Table 1: Baseline characteristics of the population.
Inter-observer reliability assessment
Intraclass correlation coefficients (ICC) with 95% confidence intervals for body composition parameters demonstrated excellent reproducibility: VATI (ICC = 0.967, 95% CI [0.932–0.984]); VATd (ICC = 0.931, 95% CI [0.862–0.967]); SATI (ICC = 1.000, 95% CI [1.000–1.000]); SATd (ICC = 0.995, 95% CI [0.990–0.998]); IMATI (ICC = 0.960, 95% CI [0.919–0.981]); IMATd (ICC = 0.885, 95% CI [0.775–0.944]); SMI (ICC = 0.949, 95% CI [0.897–0.975]); SMAd (ICC = 0.998, 95% CI [0.996–0.999]); RSFI (ICC = 0.968, 95% CI [0.936–0.985]); RSFd (ICC = 0.976, 95% CI [0.950–0.988]); PATI (ICC = 0.999, 95% CI [0.998–1.000]); PATd (ICC = 0.973, 95% CI [0.945–0.987]). All body composition parameters exhibited excellent inter-observer measurement reproducibility and reliability (ICC > 0.75). For details, see Table S2.
Risk factor analysis for early DKD
Univariate logistic regression analysis identified significant associations with early DKD for: age (OR = 1.03, 95% CI [1.01–1.05], P = 0.001), hypertension history (OR = 2.78, 95% CI [1.75–4.44], P < 0.001), CRP (OR = 1.02, 95% CI [1.01–1.03], P = 0.014), IMATI (OR = 1.13, 95% CI [1.03–1.23], P = 0.008), IMATd (OR = 0.95, 95% CI [0.92–0.99], P = 0.025), SMAd (OR = 0.97, 95% CI [0.94–0.99], P = 0.036), RSFI (OR = 1.65, 95% CI [1.23–2.21], P < 0.001), RSFd (OR = 0.85, 95% CI [0.80–0.89], P < 0.001), and PATI (OR = 1.05, 95% CI [1.02–1.08], P = 0.001).
Multivariate logistic regression analysis using stepwise selection identified four independent risk factors for early DKD: age (OR = 1.03, 95% CI [1.01–1.06], P = 0.044), CRP (OR = 1.02, 95% CI [1.01–1.04], P = 0.005), RSFI (OR = 0.50, 95% CI [0.30–0.85], P = 0.010), and RSFd (OR = 0.79, 95% CI [0.74–0.85], P < 0.001) (Table 2).
Table 2: Logistic regression analysis of early DKD in T2DM patients.
Subgroup analysis
Multivariate logistic regression subgroup analysis showed that RSFd had a consistent protective effect across all subgroups. Additionally, in male patients, age and PATI (OR = 1.06, P = 0.057) were independent risk factors; in females, hypertension (OR = 4.48, P = 0.010) and PATd (OR = 1.18, P < 0.001) were independent risk factors. In the hypertension stratification, the non-hypertensive group had only RSFd as a protective factor; in the hypertensive group, besides RSFd, age (OR = 1.06, P = 0.007) and PATd (OR = 1.14, P < 0.001) were risk factors. Age stratification showed that in patients aged ≥45 years, besides RSFd (OR = 0.72, P < 0.001), hypertension, age, PATI, and PATd were all risk factors (Fig. 3).

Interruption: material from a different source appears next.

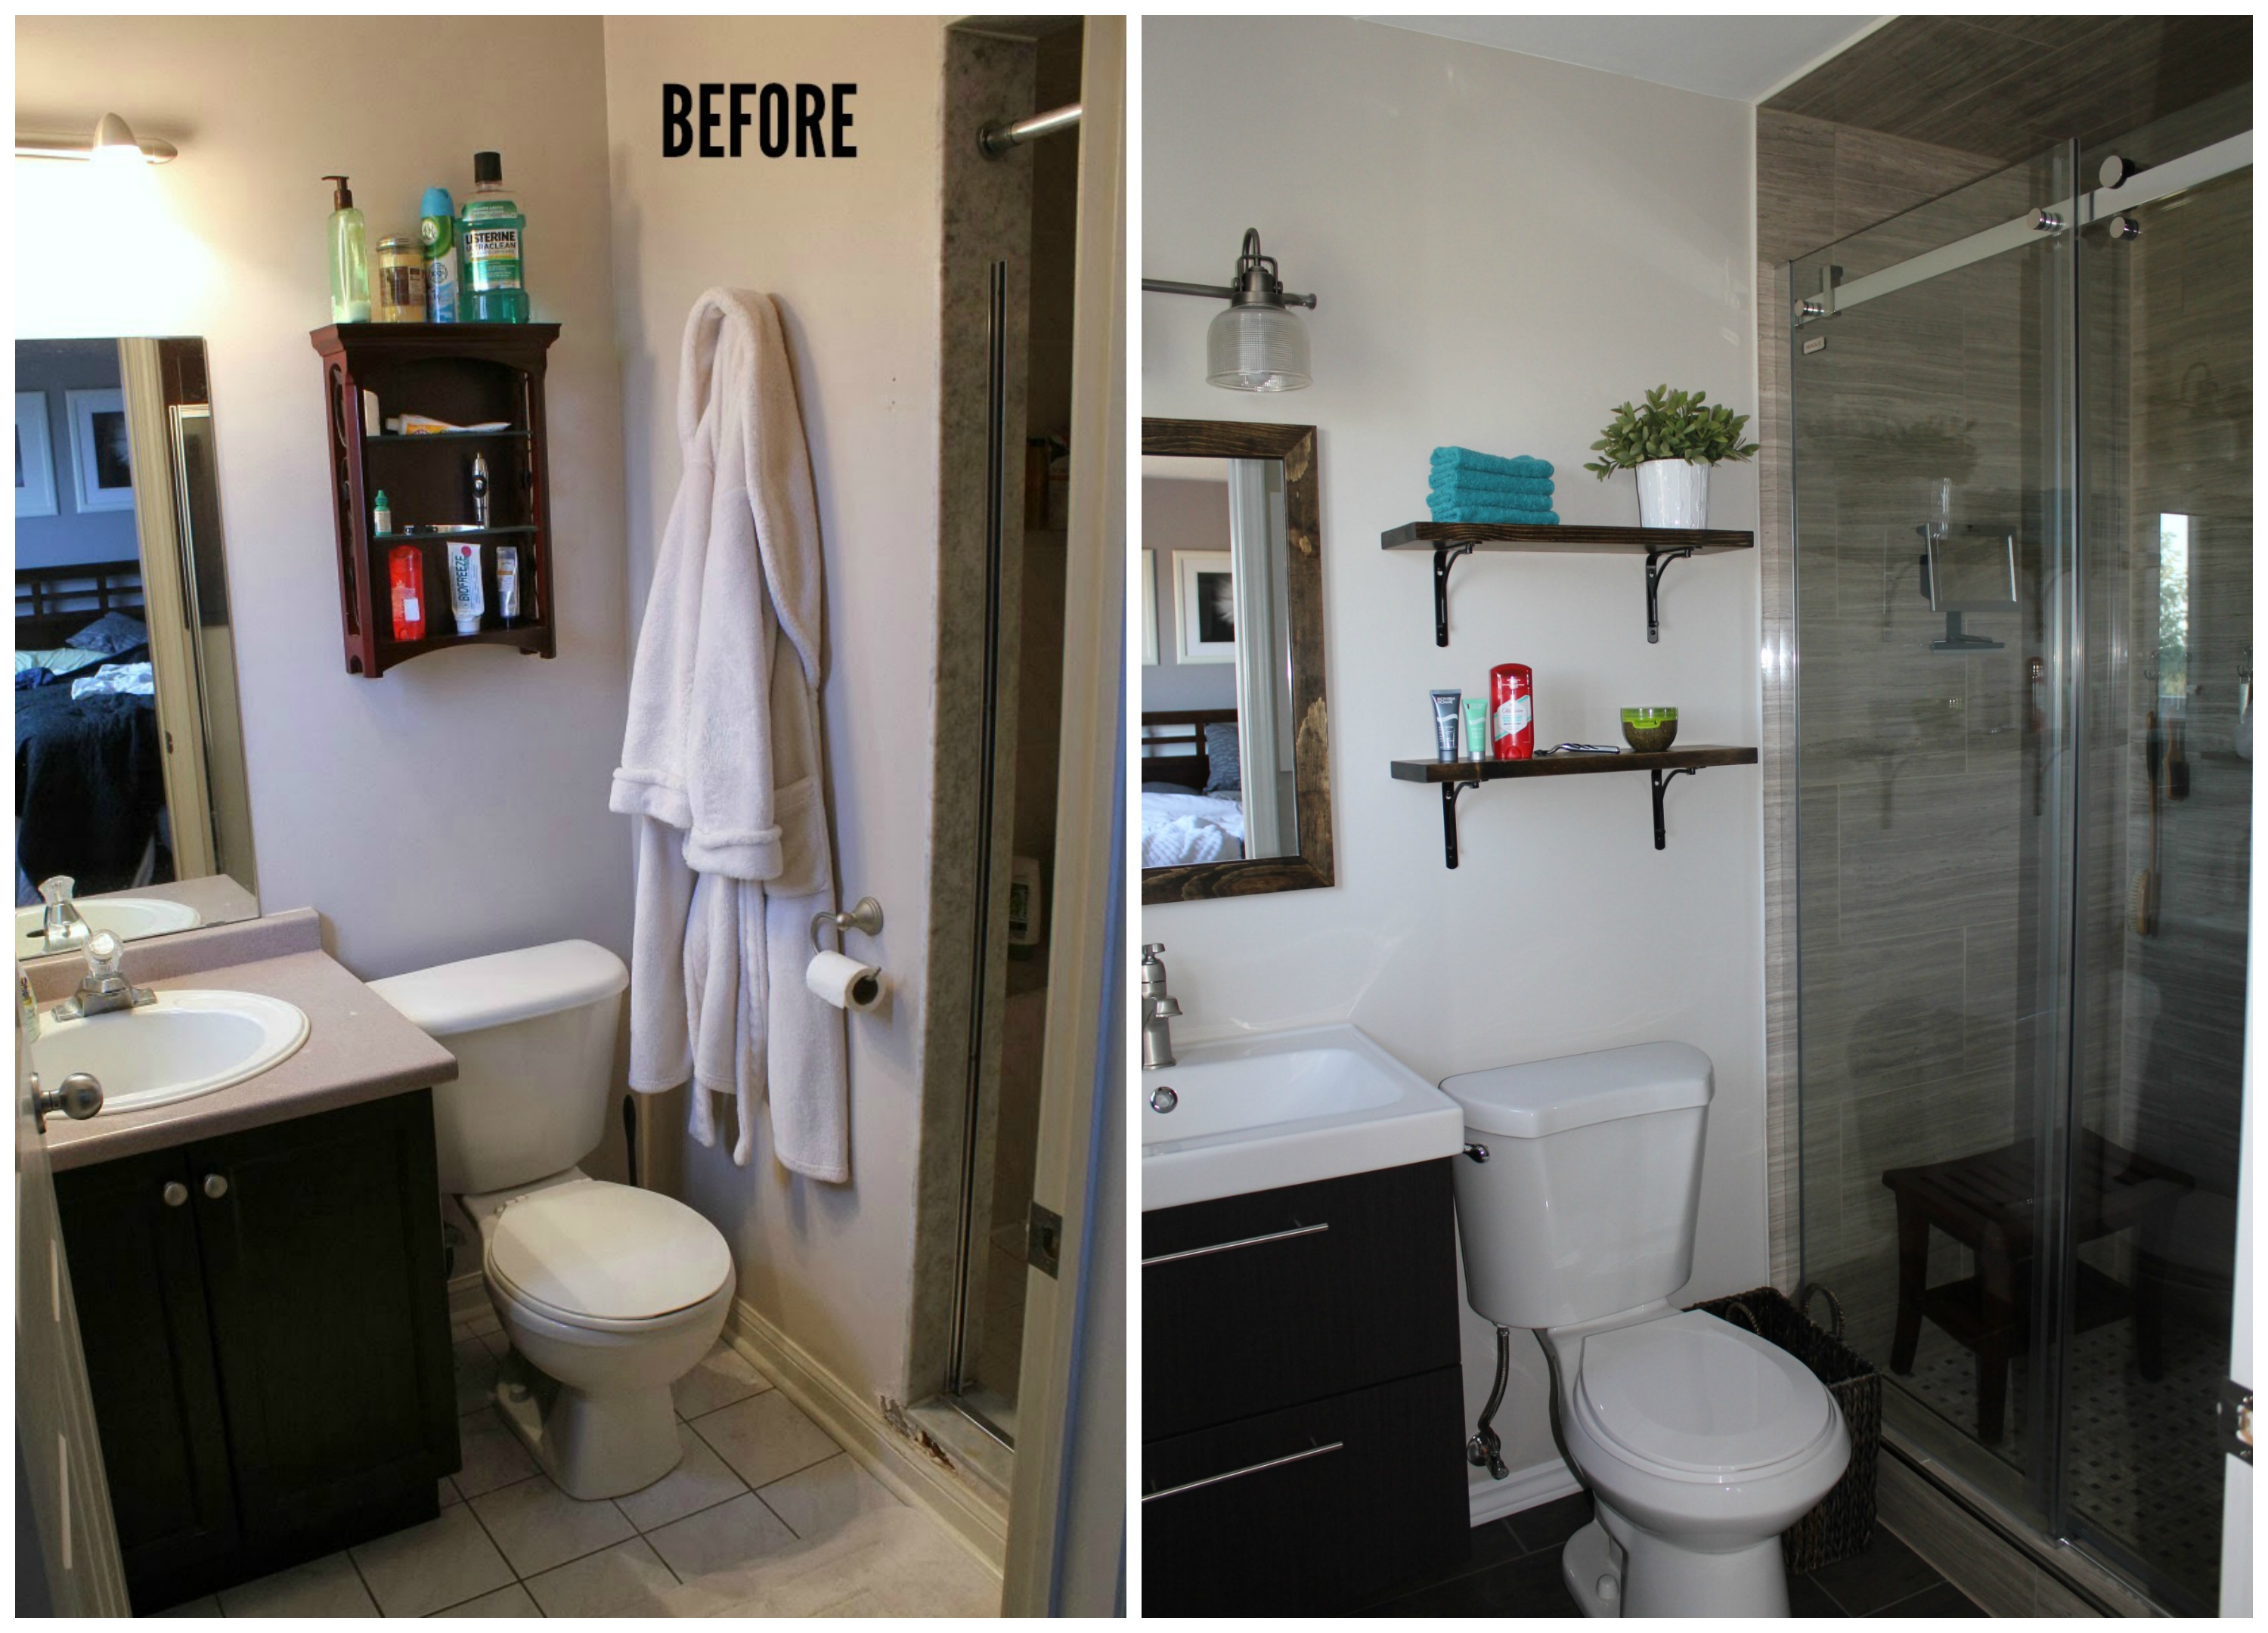 ensuite bathroom renovation tile frameless shower

Subgroup analysis forest plot.The forest plot shows the predictive ability of independent factors obtained by multivariate survival analysis in hypertensive (A), non-hypertensive (B), female (C), male (D), age < 45 (E), and age ≥ 45 (F) subgroups. PATd, perirenal adipose tissue density; BMI, body mass index; SATI, subcutaneous adipose tissue index; RSFI, renal sinus fat index; RSFd, renal sinus fat density; PATI, perirenal adipose tissue index; SATd, subcutaneous adipose tissue density; CRP, high-sensitivity C-reactive protein; VATI, visceral adipose tissue index; IMATI, intermuscular adipose tissue index; IMATd, intermuscular adipose tissue; SMAd, skeletal muscle area density.
Correlations between body composition parameters and renal function
Spearman correlation analysis showed that RSTd was weakly negatively correlated with UACR (r = −0.31, P < 0.001), while RSFI was weakly positively correlated with UACR (r = 0.20, P < 0.001). Additionally, SMAd was weakly negatively correlated with UACR (r = −0.17, P = 0.002), and PATI was weakly positively correlated with UACR (r = 0.18, P = 0.001). Regarding eGFR, MATI showed a weak negative correlation (r = −0.13, P = 0.023), while MATd showed a marginal negative correlation (r = −0.10, P = 0.067). VATI was weakly positively correlated with UACR (r = 0.12, P = 0.035). No other adipose or muscle composition indicators showed statistically significant correlations with UACR or eGFR in this dataset (Fig. S1).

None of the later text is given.